Our projections were created using a model with spatial resolution 0.1° (approximately 11 km) and a well-established biogeochemical/ecosystem model suited to coastal and shelf sea environments: the European Regional Seas Ecosystem Model (ERSEM; Blackford et al., 2004; Butenschön et al., 2016). This modelling system has previously been applied to coastal regions in many parts of the world, including Southeast Asia (Holt et al., 2009; Barange et al., 2014). The model was driven by outputs from a global climate model drawn from the Coupled Model Intercomparison Project Phase 5 (CMIP5; Taylor et al., 2011). We selected two Representative Concentration Pathways (RCPs) of greenhouse gases in the atmosphere (van Vuuren et al., 2011) to show a range of climate response: the moderate RCP4.5 scenario, under which atmospheric carbon dioxide concentration rises until mid-century and then stabilizes, and the more extreme RCP8.5 scenario, under which the concentration rises throughout the 21st century. The CMIP5 models are now being superseded by the more advanced CMIP6 set and the RCPs by Shared Socio-economic Pathways (SSPs), but it will be some time before regionally-downscaled versions of these models become available. In the meantime, this work offers a first look at what regional scale modelling offers for understanding climate change in Southeast Asian seas and makes recommendations for future downscaling efforts. The next section describes the modelling system and data used; section 3 presents the model outputs; section 4 discusses the implications of the projected change for people and ecosystems and the need for further modelling of this region.
Materials and methods
Model description
The projections were created using the Proudman Oceanographic Laboratory Coastal Ocean Modelling System (POLCOMS; Holt and James, 2001) coupled to the European Regional Seas Ecosystem Model (ERSEM; Butenschön et al., 2016). Together, these simulate the movement of water, energy and dissolved and suspended material through the sea and the cycling of nutrients and carbon through the marine ecosystem.

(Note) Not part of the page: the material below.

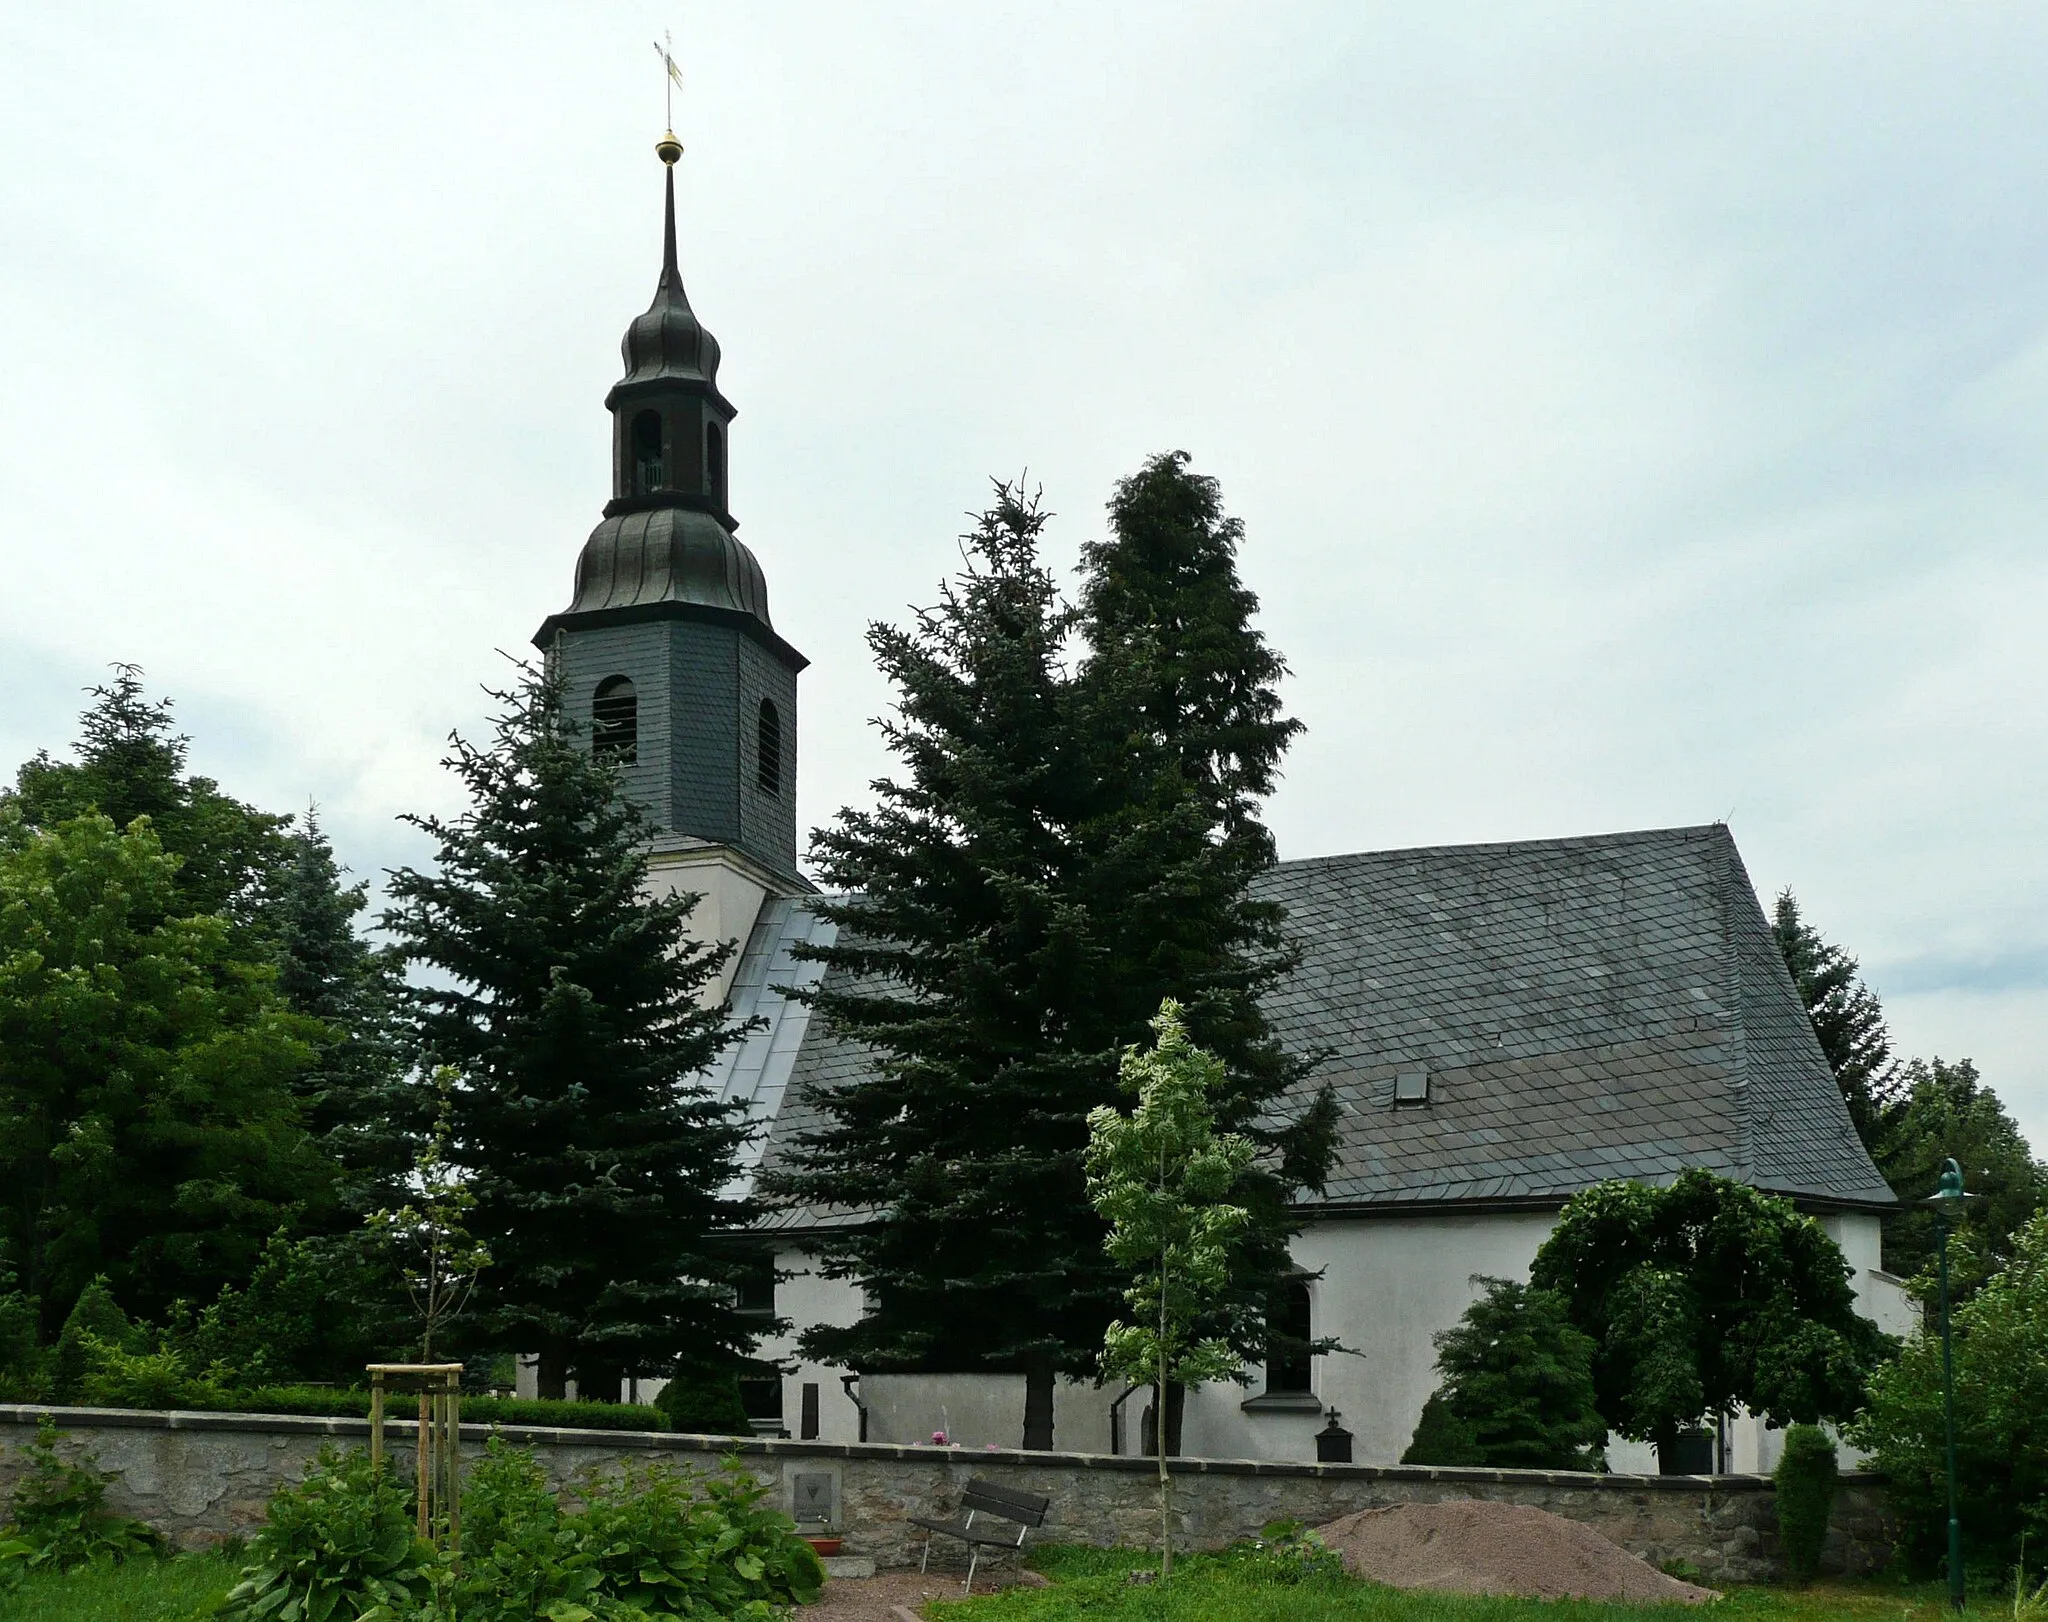 Photo showing: This image shows the evangelic church (built 1591/93) in Schellerhau near Altenberg in the Ore Mountains in Saxony, Germany.

POLCOMS is a three-dimensional model of physical processes, suitable for modelling both deep and shallow water and areas with steep bathymetry. It is a free surface baroclinic model, with varying water depth, and includes the effects of tides but not waves. Forty depth levels were used at each point, regardless of total water depth, distributed more closely in the upper parts of the water column than at depth (a modified sigma system). The minimum water depth was 10 m. When run at the 0.1° resolution used here, POLCOMS is able to explicitly model processes of riverine freshwater inputs, tidal mixing and coastal upwelling that are parameterized in CMIP5 global models (Holt et al., 2009; Drenkard et al., 2021). These processes can influence circulation patterns and nutrient distributions in near-shore waters, with potential effects on water temperature and productivity which could affect resources such as corals, aquaculture sites and production at higher trophic levels. Given the widely varying water depths and very steep shelf edges within the region (Figure 1) it is important to use a model with adequate vertical resolution – large parts of the shelf area are less than 100 m deep.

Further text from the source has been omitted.